Now, here comes the “strange” coincidence. Starting in 2005, India started a monovalent polio vaccine campaign, and intensified it in Uttar Pradesh in 2007(1). Since the vaccine campaign started, they’ve reported huge drops in the rate of polio, and a new type of encephalitis—mysteriously resistant to diagnosis—has developed.
To make matters worse, India has reported on a new polio that’s a mutation of the vaccine virus. It’s particularly prevalent in the Uttar Pradesh province. Officials claim that these cases occur only in people with deficient immune systems. Sounds good, doesn’t it? But what do they blame all the encephalitis cases on?
Of course, they also claim that the polio vaccine is preventing nearly all other polio, and that they’re close to its eradication. Well…with the exception of those people who have enough money to have their children tested and find that their particular cases of encephalitis are caused by polio.
Additionally, officials also recommend that areas that have no polio outbreaks now switch to using the killed virus vaccines, but that Uttar Pradesh should continue with the attenuated (weakened) version. Yet, Uttar Pradesh is where the most cases of mutated polio have occurred, not in the wealthier provinces.
What is it about Uttar Pradesh that makes it a center for polio and this mysterious new encephalitis? The answer is really quite simple—and it clearly demonstrates the truth of the claim that vaccines are not the primary reason so many diseases have become rare in the modern world.
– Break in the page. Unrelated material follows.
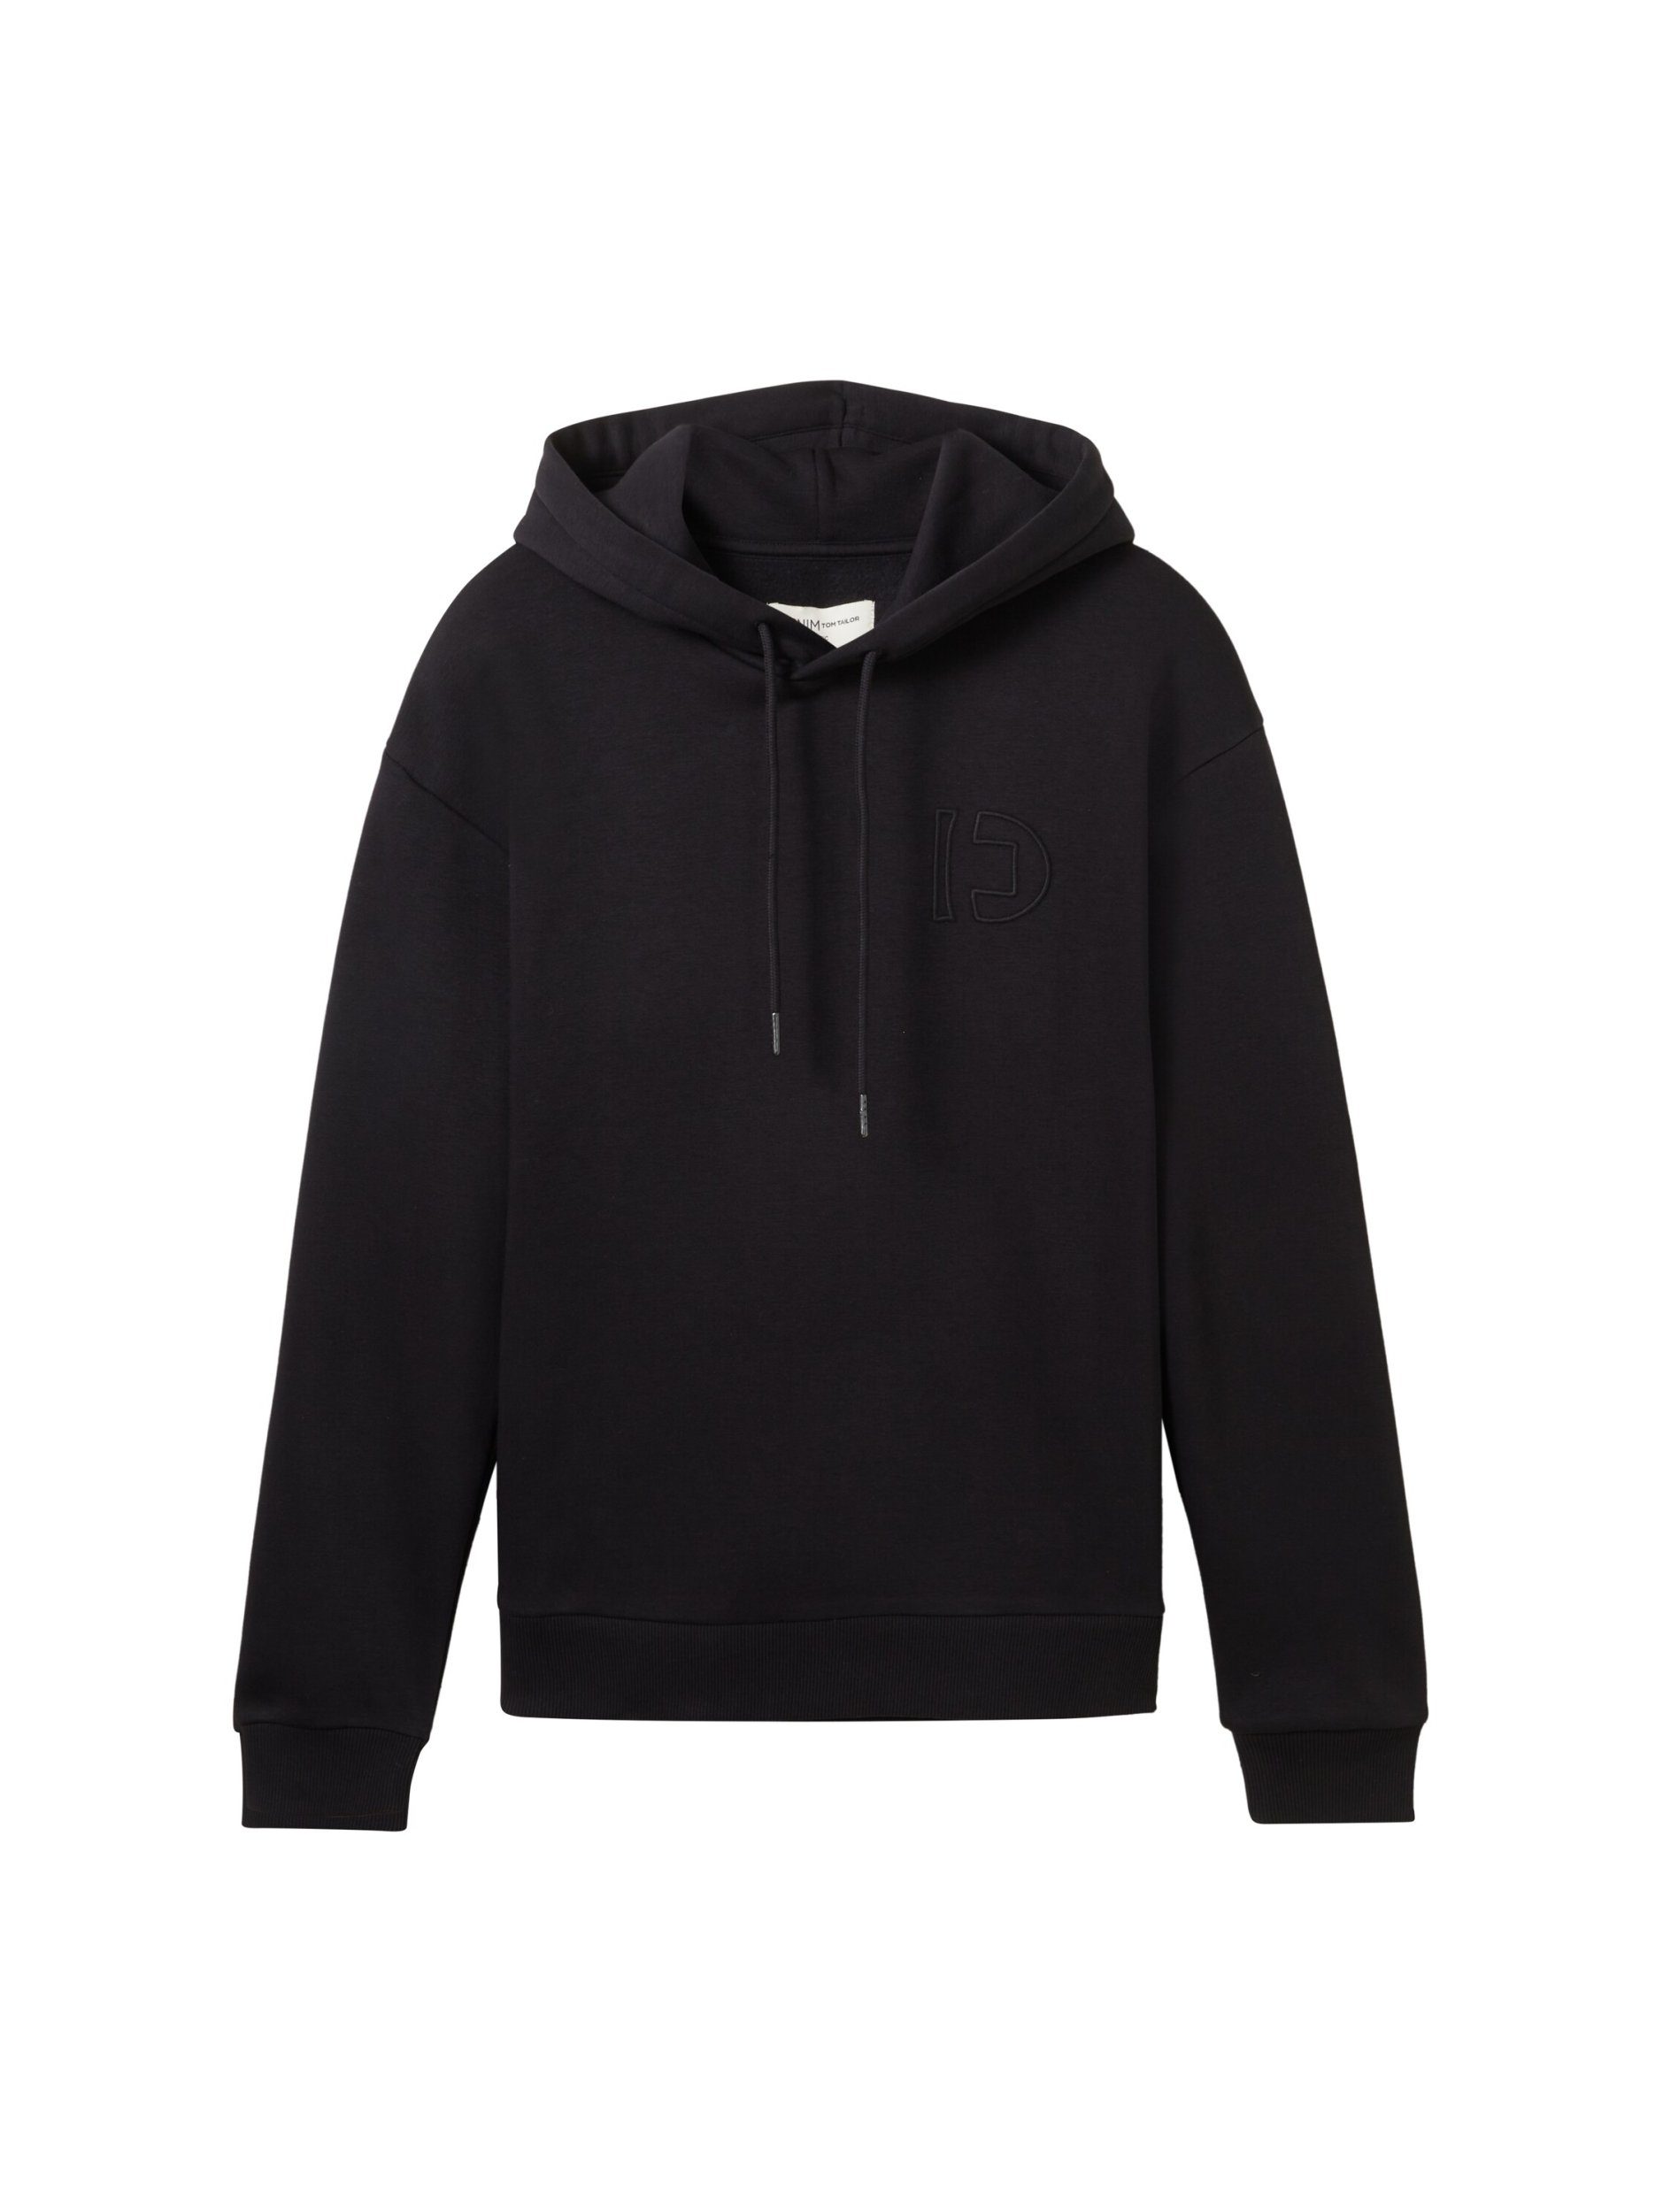 TOM TAILOR Denim Sweatshirt hoodie with embroidery Black

Polio and viral encephalitis are water-borne diseases. Although most in the United States have the false impression that most polio cases are passed person-to-person, that’s not generally true. They’re usually the result of contact with either polluted water or the mosquitoes that breed in stagnant water.
So, it should come as no surprise that these outbreaks are happening in Uttar Pradesh during the rainy season in a desperately poor area with inadequate sanitation.
Of course, vaccinations have been given credit for the eradication of many diseases, in spite of the evidence simply not fitting the facts. Many diseases, including ones for which there are still no vaccines, nearly disappeared in wealthy nations over the course of the 20th century. What the promoters of vaccines ignore is that these diseases had largely faded away by the time the vaccines were developed, and that good health from adequate food, water and sanitation far more closely coincides with their fade-out.
The same thing has been true of polio in India, with the vexing exception of Uttar Pradesh. When the vaccinators went into the area in force, they did the same thing that was done in the United States: changed the definition of the disease. In the US, what had been diagnosed as polio pre-vaccination was called something else post-vaccination, usually coxsackie virus.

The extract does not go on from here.